2、いちろさんが元気になれる様にしたいな……。
3、出られない?!
◆◇◆◇◆◇◆◇◆◇◆◇◆◇◆◇◆◇◆◇◆◇◆◇◆◇◆◇◆◇◆◇
一方、ルシフェルも出来杉のいるロビーの扉にいた。
あの場所に見える少年がしっかり少女を殺したのは確認済だ。
そんなルシフェルは死にに行く様な事は決してする気は無かった。
対処はめんどくさそう、だから奇妙な事を仕掛けて逃走してみるか。
少年を音でおびき出して、その隙に外へ出る――あるいは別の出口を探す。
どちらが早いかと言えば前者、だから行動を移す。
(さて、勝負だな。まあ、いい勝負になる事を願うよ)
―――扉の音が、鳴り響いた。
【I-5 紅魔館 1階の廊下】
【ルシフェル@El Shaddai - エルシャダイ -】
【状態】健康
【服装】普段着
【装備】なし
【道具】基本支給品 TDNアーマー@ガチムチパンツレスリング 魔女の隠し黄金一個@うみねこのなく頃に
【思考】基本思考:???
1、あの方達には今度、付き合ってもらうよ。
2、勝負しようじゃないか。
※篠崎の遺体の近くにデイパックもあります。
【TDNアーマー@ガチムチパンツレスリング】
歪みだらけの、ダーク♂アーマー。

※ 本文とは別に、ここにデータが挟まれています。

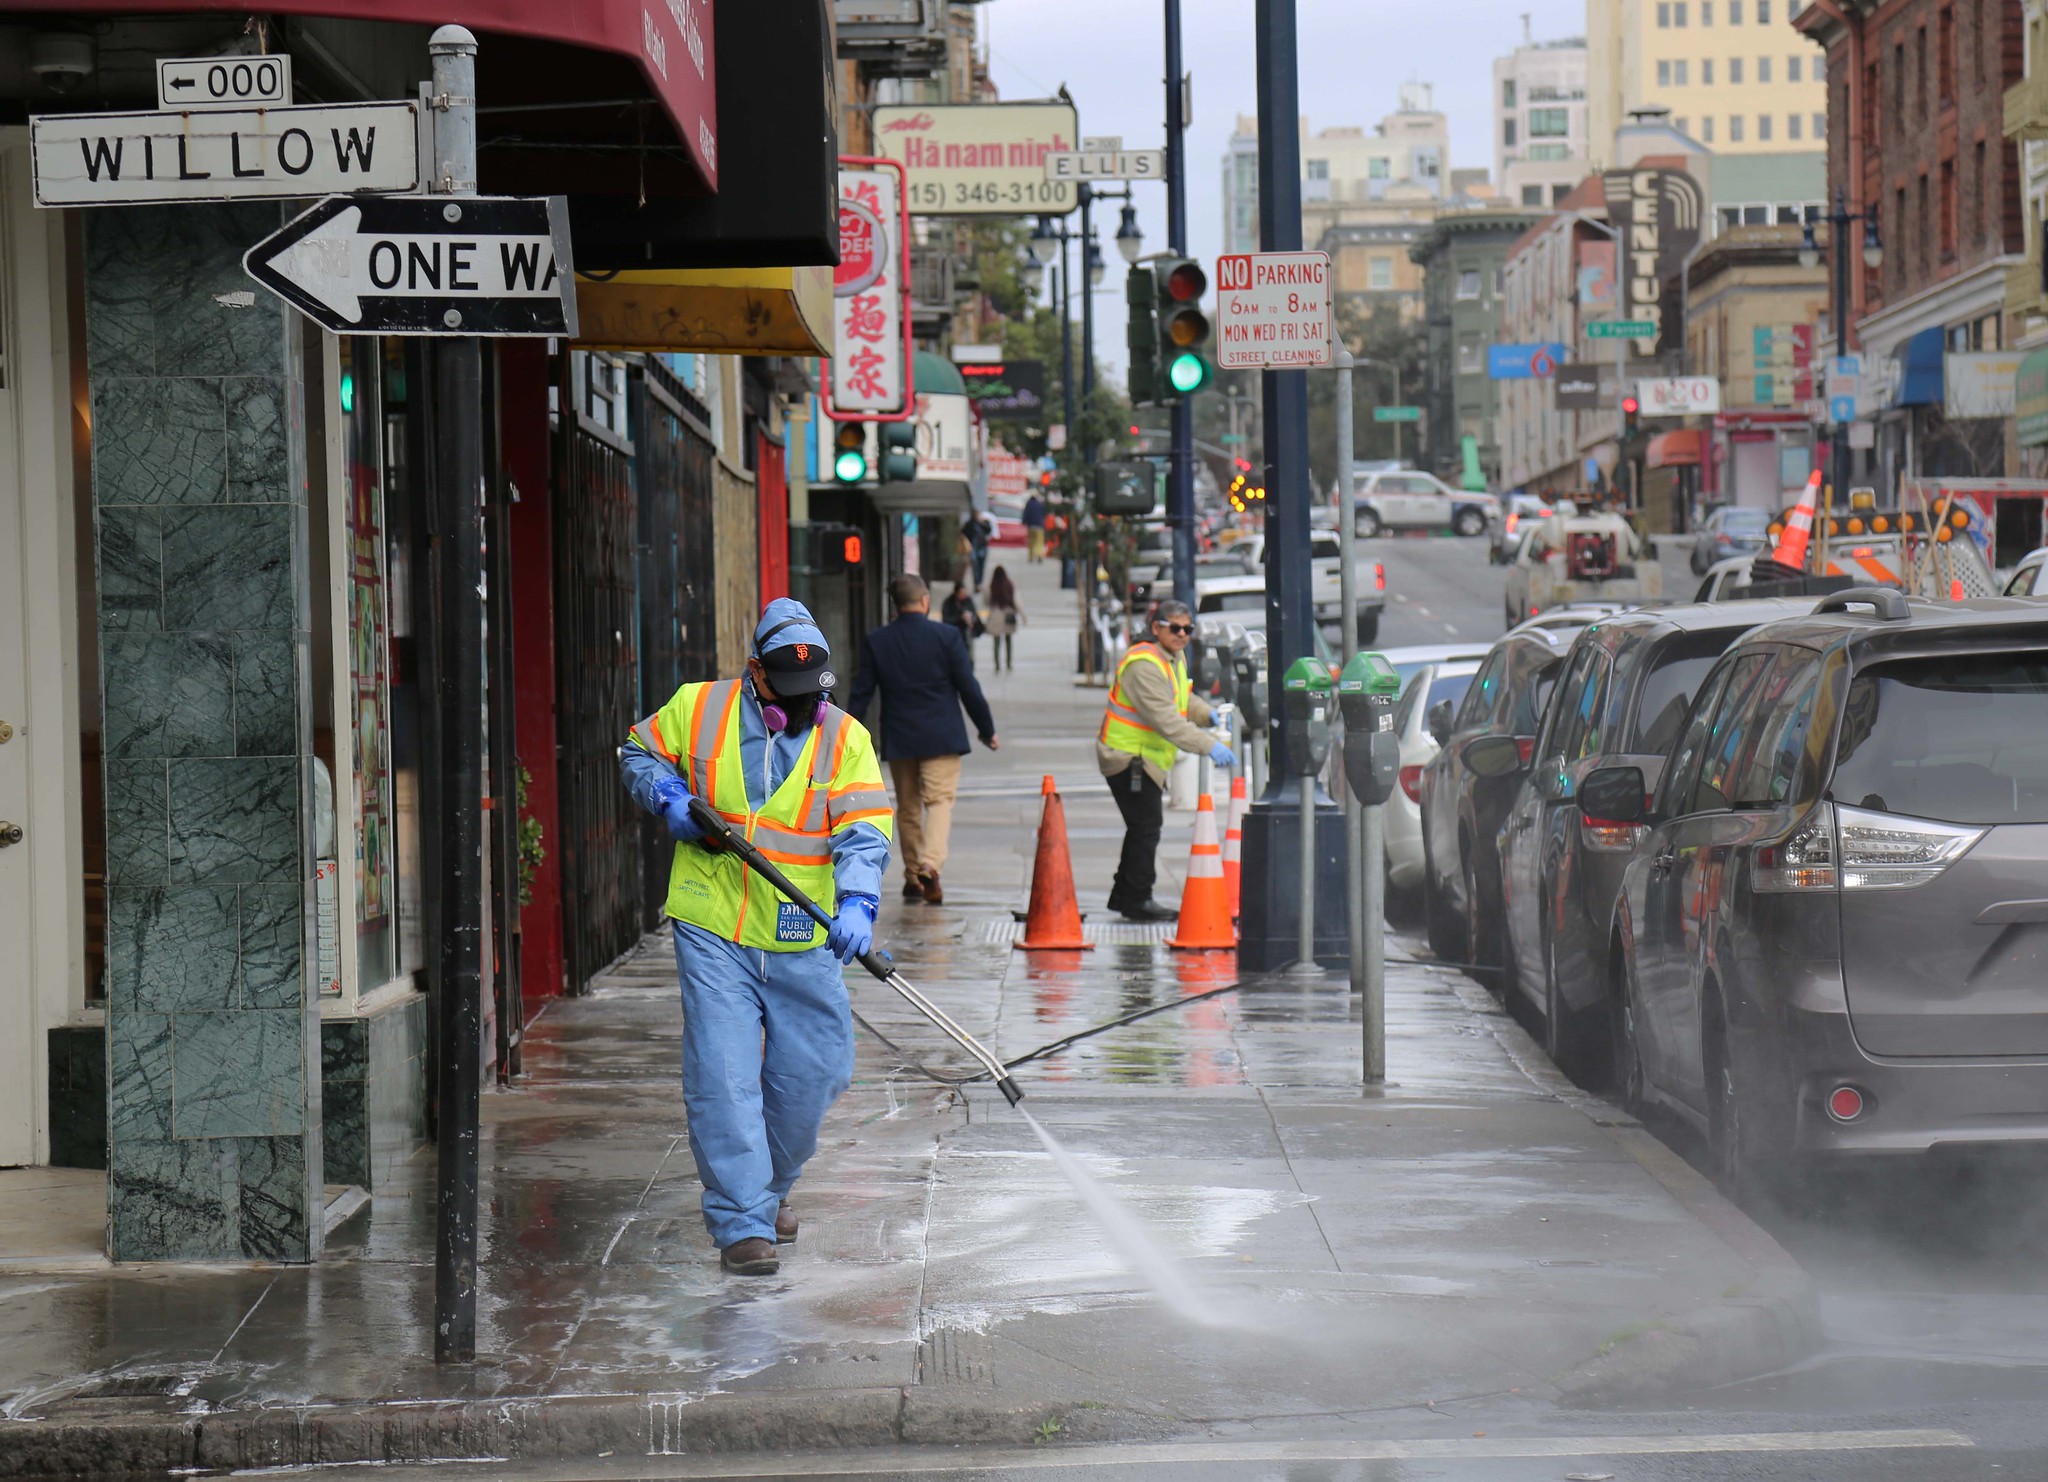 One of our crew members sprays a dirty street in the Little Saigon neighborhood

かなりセンスの良いVAN様。
【魔女の隠し黄金一個@うみねこのなく頃に】
黄金の魔女ベアトリーチェの碑文を解いた者に与えられる。
黄金一個の価値は高いかもしれないが、バトロワでは役立たない。
ただ重いだけ。きひひひひひひひひひひひ。
【コルトディテクティヴスペシャル@現実】
1927年に発売されたコルト社製の小型リボルバー拳銃。
「ディテクティヴ」とは「探偵、刑事」を意味し、私服の警官や探偵の護身用として設計された。